Chris Squire ‘Fish Out Of Water’
Today’s Cool Album of the Day (#1015 in the Series) is Chris Squire, Fish out of Water
I can’t give you the date. I wish I could, but I remember it like yesterday coming home as a wasted teen, turning on Don Kirshner’s Rock Concert and seeing Bill Bruford with his Boston Bruins cutoff jersey, Chris Squire with his signature cape and Patrick Moraz standing in front of an orchestra performing the first two tracks on this gem of music. I recognized it well, as I got it on vinyl as soon as I could. It would later remind me of Peter Gabriel’s first solo record, not sounding all that much like the famous and great band they were better known for. If you never heard this, (I had it on LP, 8-track, pick with Atlantic signia and sleeve of record, and later after a long and expensive search, CD), go get it and tell me this is not one of the coolest records you ever have heard.

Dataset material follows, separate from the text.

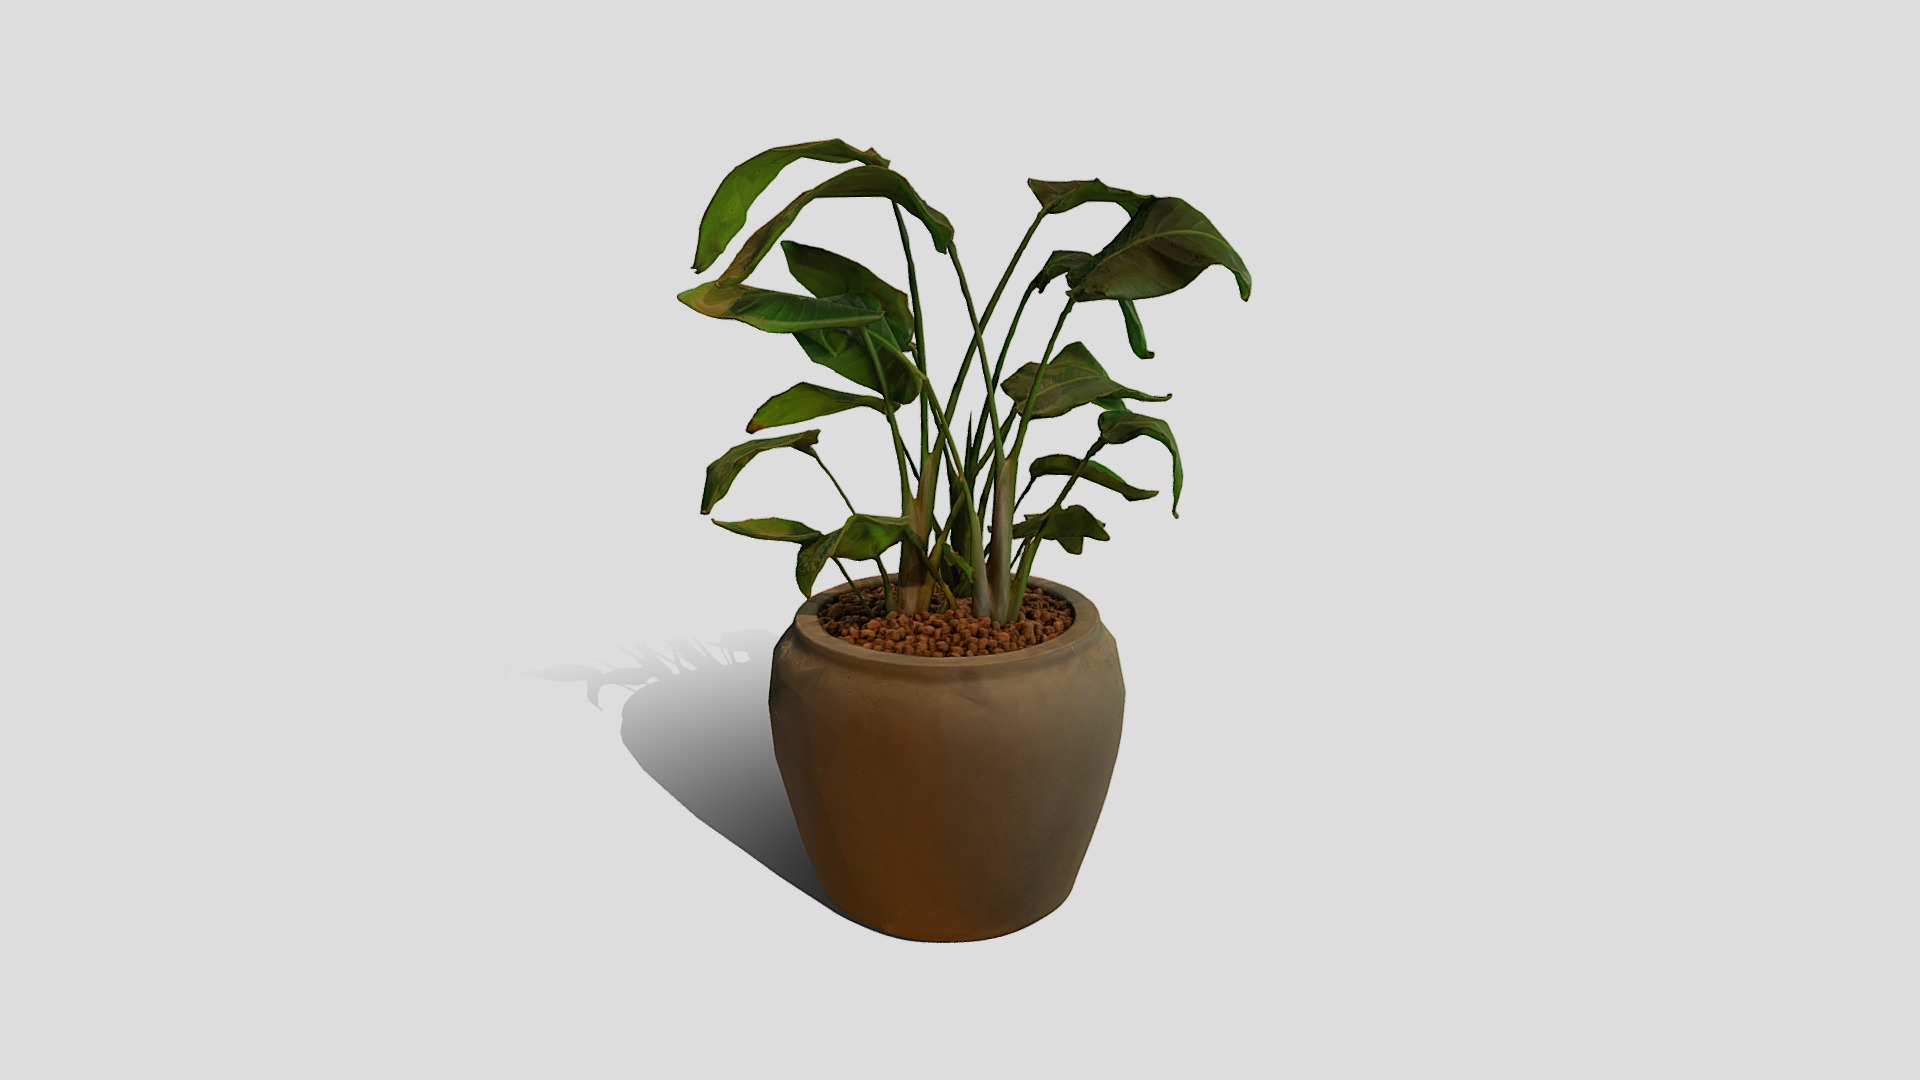 3D model Plant 1 - This is a 3D model of the Plant 1. The 3D model is about a potted plant with a green plant in it.

You can’t.
Yes was at their all-time creative highest, having just finished Close to the Edge and Yessongs. They all decided to put out a solo record, more to explore musical roots than to break up, and out came from Squire probably the most pop sounding of all, with little or no guitar and subdued keyboard. The year was 1975 and these guys had the label by the balls, having proved to be the greatest of musician’s musicians. Classically trained and psychedelically influenced, it could have sounded like another Yes record at a different level. Instead, out of the box of a pop love song segued into another of the same. The vocal range can’t be described, it must be heard. I saw Yes many many times and one time when I saw them walking through the lobby of the hotel I called out to Chris and made a request for him play “Hold out your Hand” and elicited a big smile from him. It didn’t appear on that nights set list. That is the first track from the record and it sounds nothing like any Yes song. Not just the absence of the the greatest guitar player of all time in my opinion (Steve Howe if you didn’t know), but the tempo and pulse. It was cool; it was grandiose with the orchestra playing the bridge against flying bass notes. This was more creative than I could have ever guessed. And love songs! From the weird tall maniac bass player that rocked the instrument like no one before or after him.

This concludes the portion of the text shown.